In this study, a Newport solar simulator (model 69907 power supply and model 67005 lamp box) with a xenon lamp (model 6255 bulb) and an AM1.5 global filter (model 81094) provides a source of electron excitation for the samples studied. By knowing the wavelength-dependent spectrum of light provided by the solar simulator and utilizing the proper photoemission theory, one can calculate approximate work functions for the materials under study. Figure 3 provides a basic schematic of the photoemission process performed in this report. A solar flux illuminates the sample surface with a spectrum of energy-dependent photons. Photons with energies above the work function (φ) can promote electron emission depending on the direction of emission, while photons below φ will merely heat the surface. An energy analyzer sweeps through specific electron energies such that only emitted electrons within a small energy window are recorded at a particular instant. Given the directionality of electron emission, both low-energy and high-energy photons can contribute to low-energy electron emission, while only high-energy photons can contribute to high-energy electron emission. Therefore, more photons in the solar flux can contribute to the emission of an electron whose final energy state is close to the Fermi energy plus work function (E_F + φ) than an electron with final energy state greater than that. A sharp peak in the PEED near E_F + φ is generated as a result, with a nearly exponential decay in emission at higher electron energies.

FIGURE 3

Figure 3. Energy scale schematic of the photoemission process performed in this study.

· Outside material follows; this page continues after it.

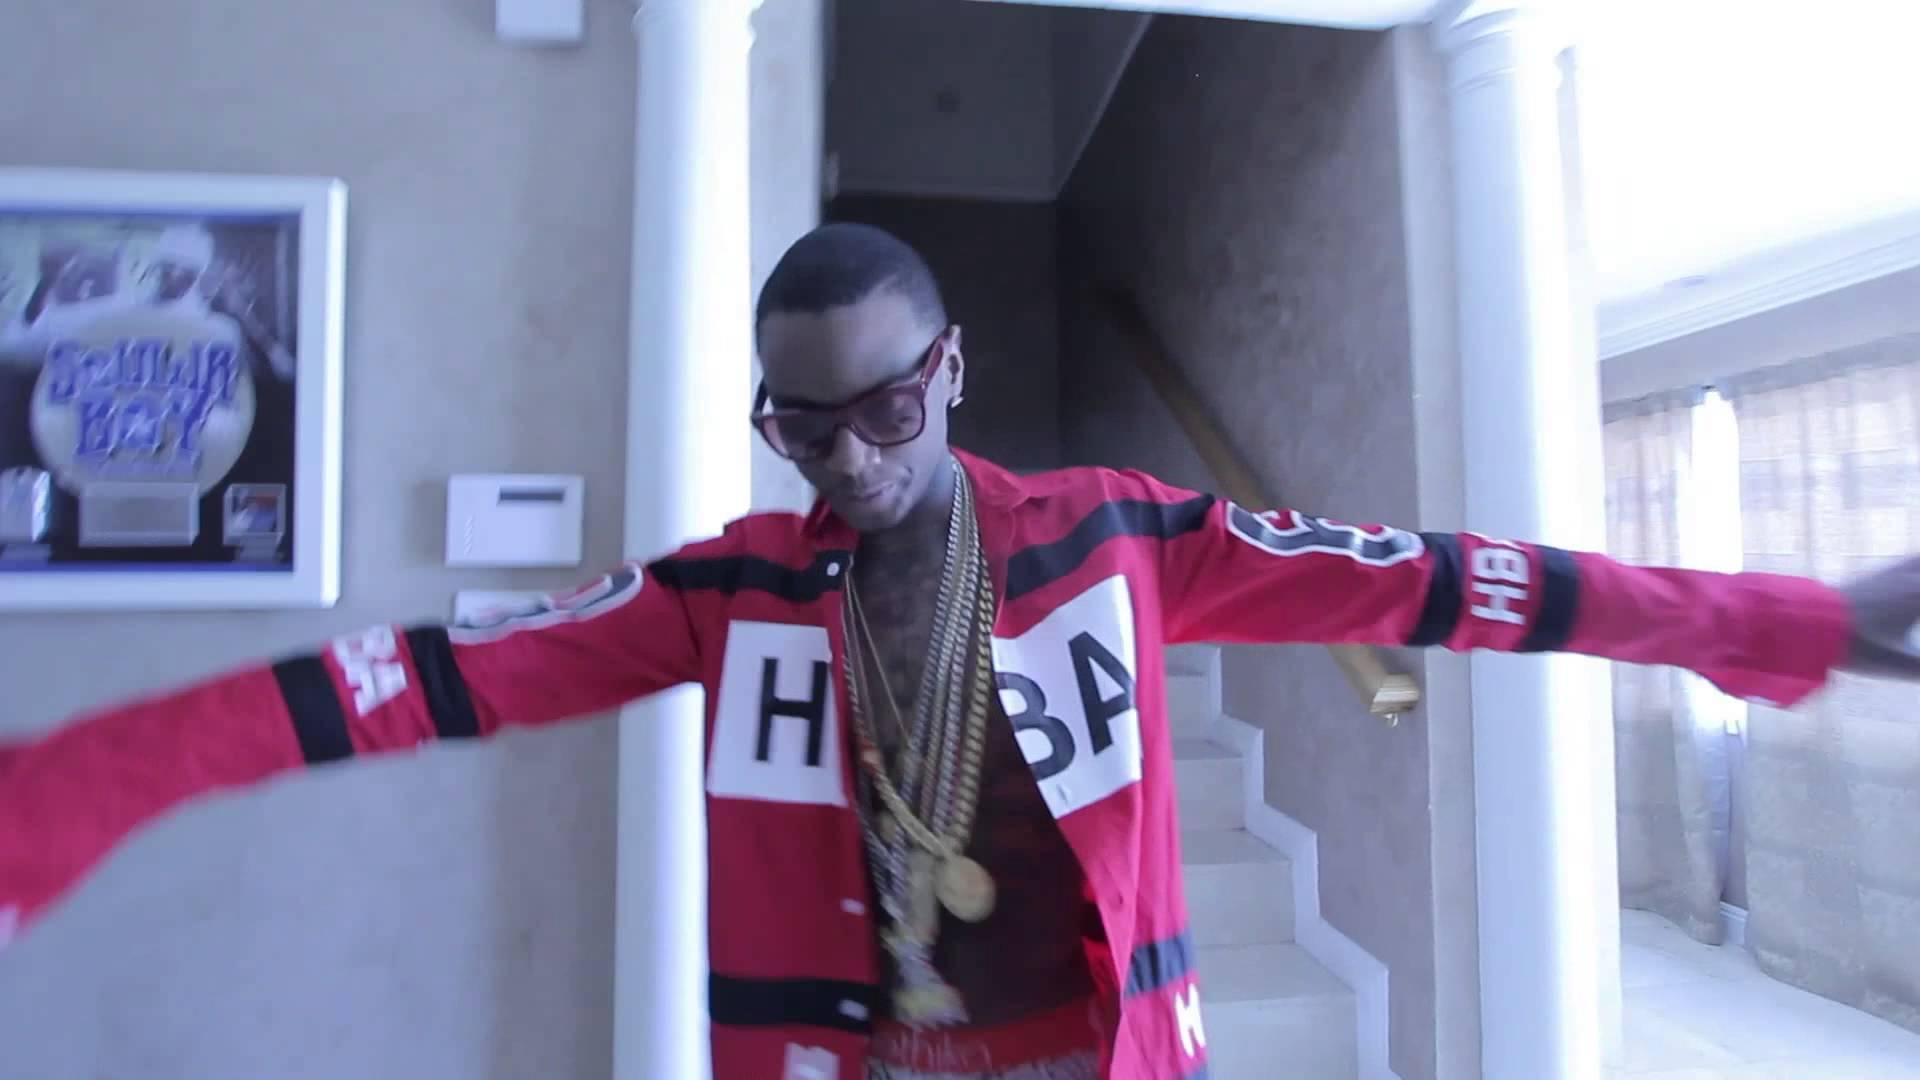 Soulja Boy – Swagg Like Me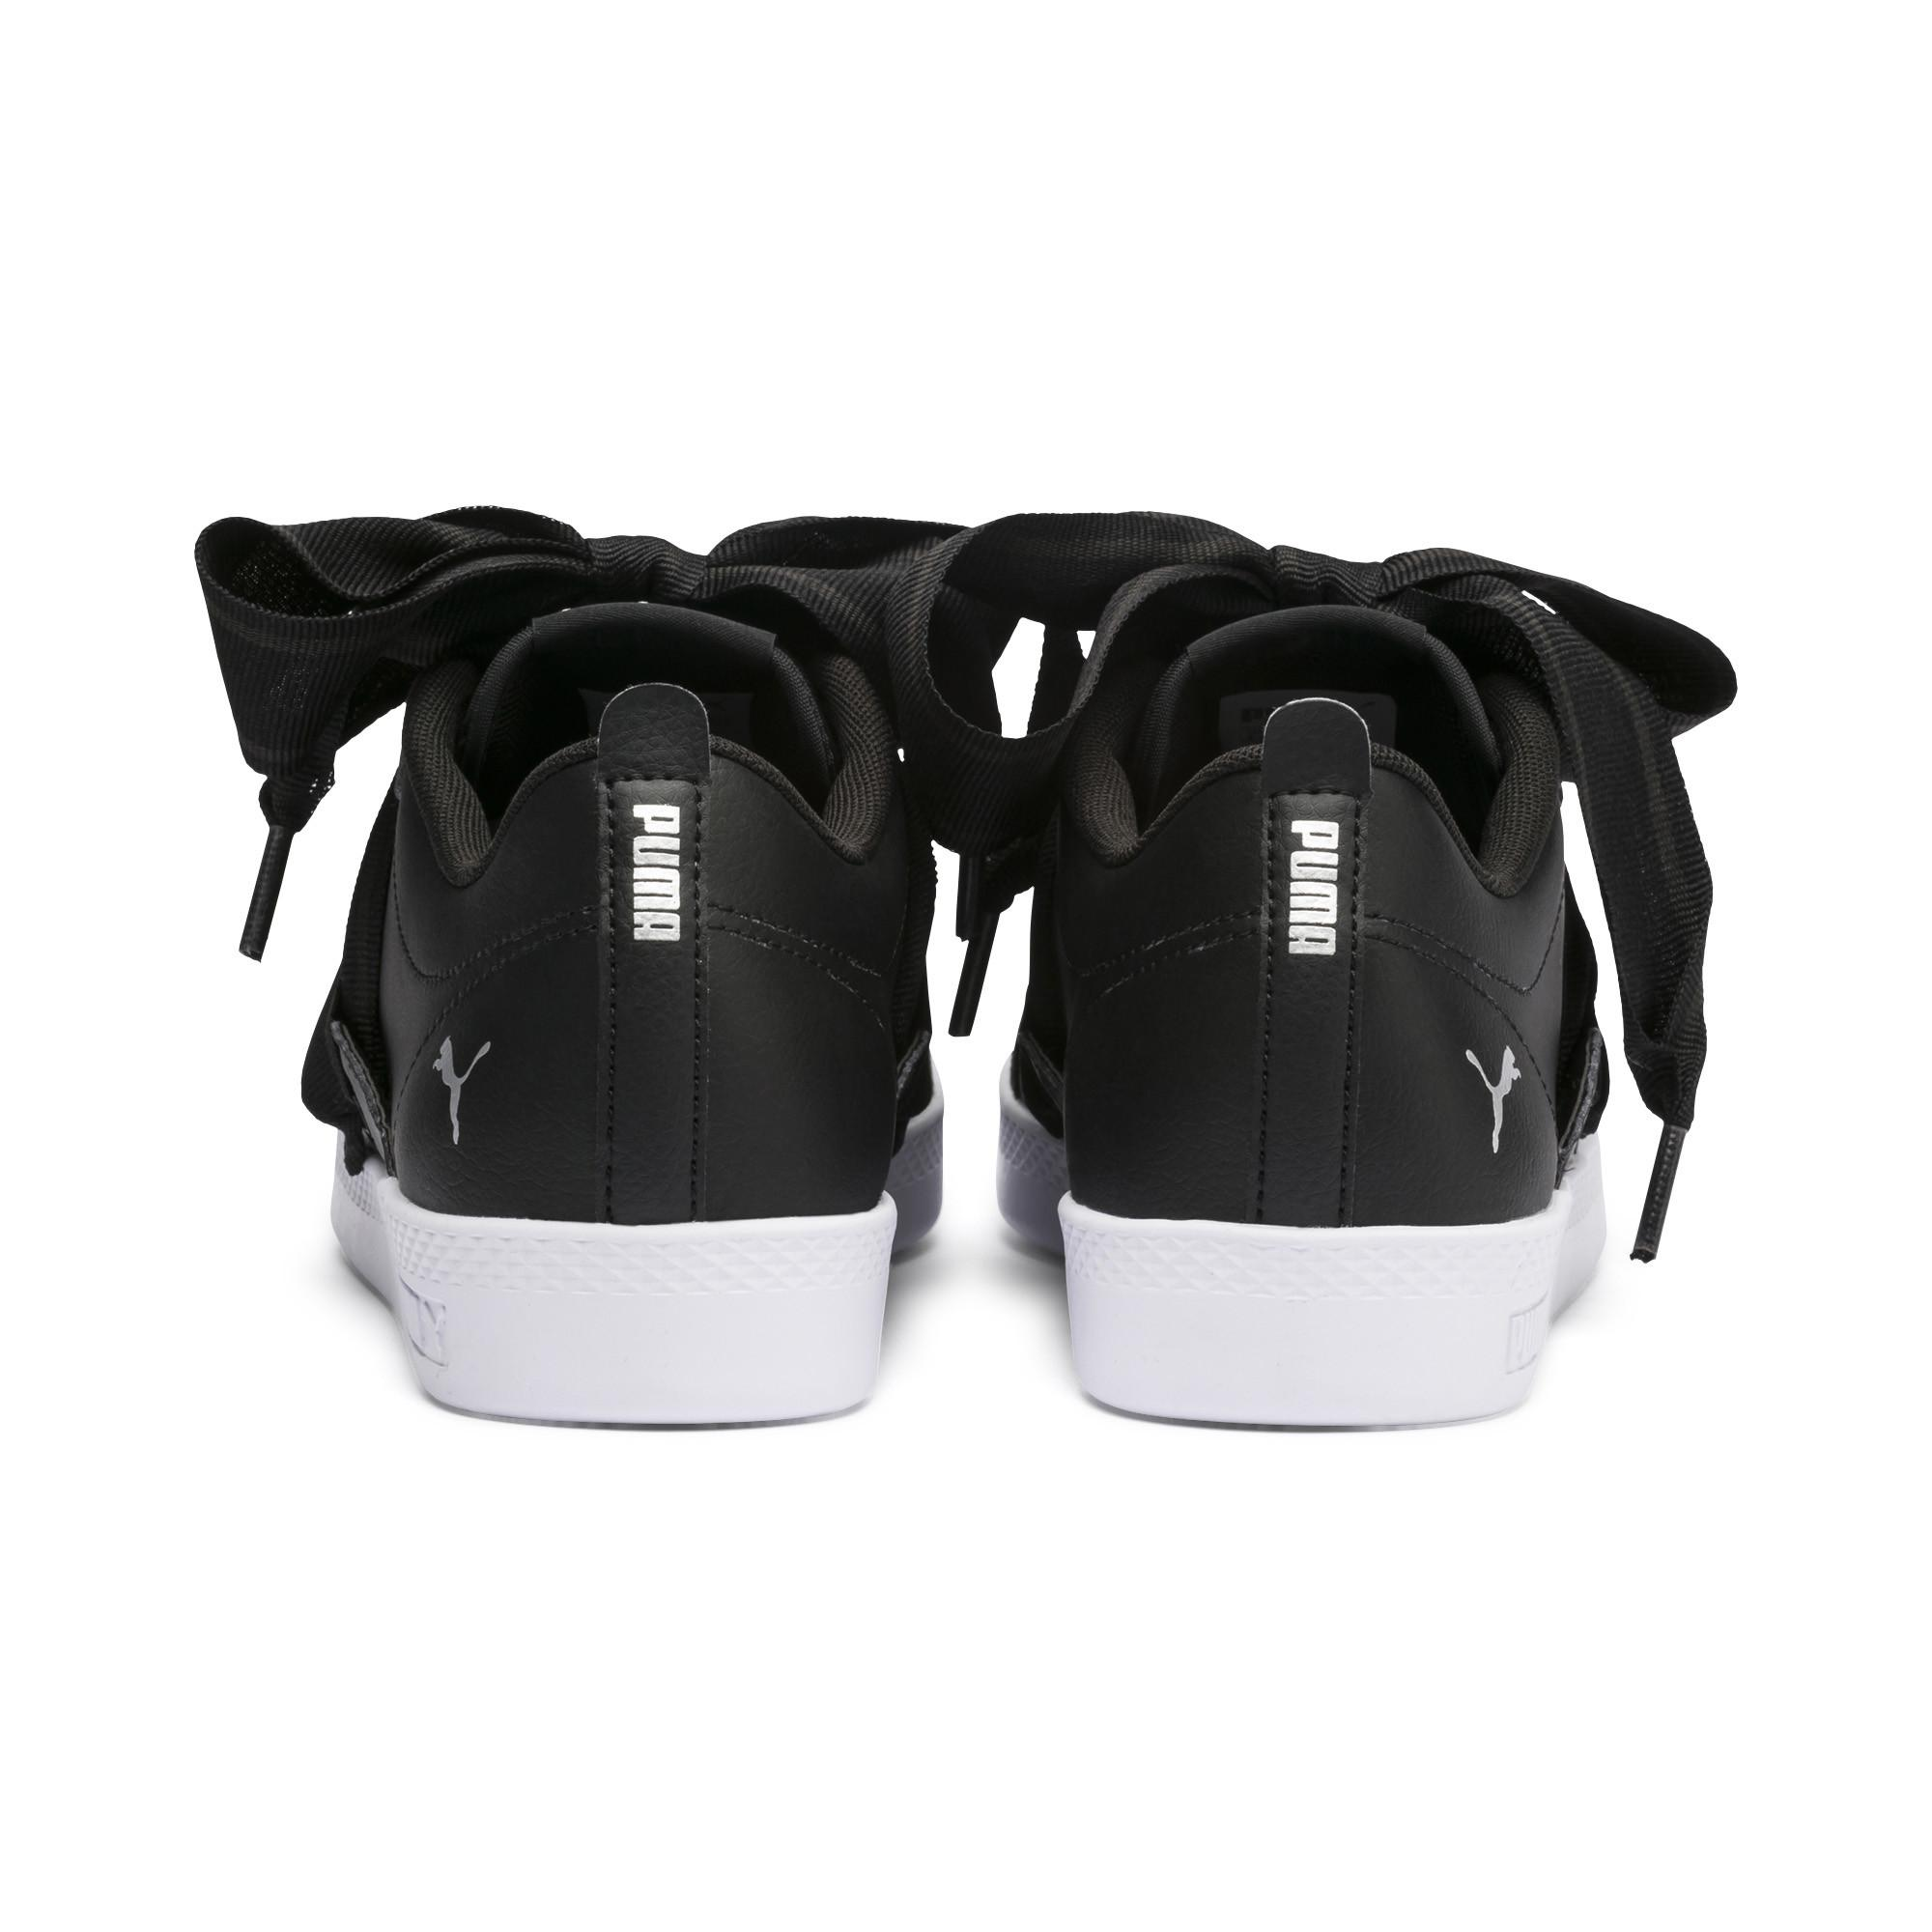 PUMA Smash Women's Buckle Sneakers in

As indicated in Figure 3, the characteristic shape of the PEED work function reflects a sharp rise in electron emission followed by a smooth exponential-like decaying trailing edge. The energy at which this sharp rise occurs is a reliable measure of the sample work function. The overall shape of the PEED at higher energies generally reflects the decrease in illuminated photons capable of inducing electron emission. With the complex materials developed in this study, multiple rises in electron emission across the PEED and/or a broadening of emission peaks may occur. This behavior is a result of multiple emission sources being present on the surface of the sample, thereby demonstrating several work functions present in the material.

Extraction of one or more work functions from the geometrically complicated and chemically diverse surfaces in this study can be accurately performed via least squares fits to the PEED data of an appropriate photoemission model. The photoemission model below is fit to the experimental PEEDs and best estimates are taken to determine whether a sample exhibits a single emission peak, or multiple emission peaks with the fitting procedure adjusted accordingly. The resulting work functions are considered accurate within ±0.2 eV, accounting for inaccuracies in experimental measurements and data fitting.

Knowledge of thermionic emission theory is critical to developing the photoemission model utilized here. In thermionic theory, electrons are assumed to behave as a free electron gas, and the material is assumed to have a single parabolic conduction band, such that (McMullen, 2010; Westover et al., 2010):

$I_{TEED}(E)dE=\frac{4\pi m_e}{h^3}\frac{\left(E-E_F-\text{ϕ}\right)H\left(E-E_F-\text{ϕ}\right)}{1+\text{exp}\left(\frac{E-E_F}{k_{B}T}\right)}dE$ (1)

where E is electron energy, I_TEED is the thermionic emission intensity, m_e is the rest mass of an electron, h is Planck’s constant (4.14 × 10⁻¹⁵ eV⋅s), E_F is the Fermi level, ϕ is the work function, H is the Heaviside step function, k_B is the Boltzmann constant (8.62 × 10⁻⁵ eV/K), and T is temperature.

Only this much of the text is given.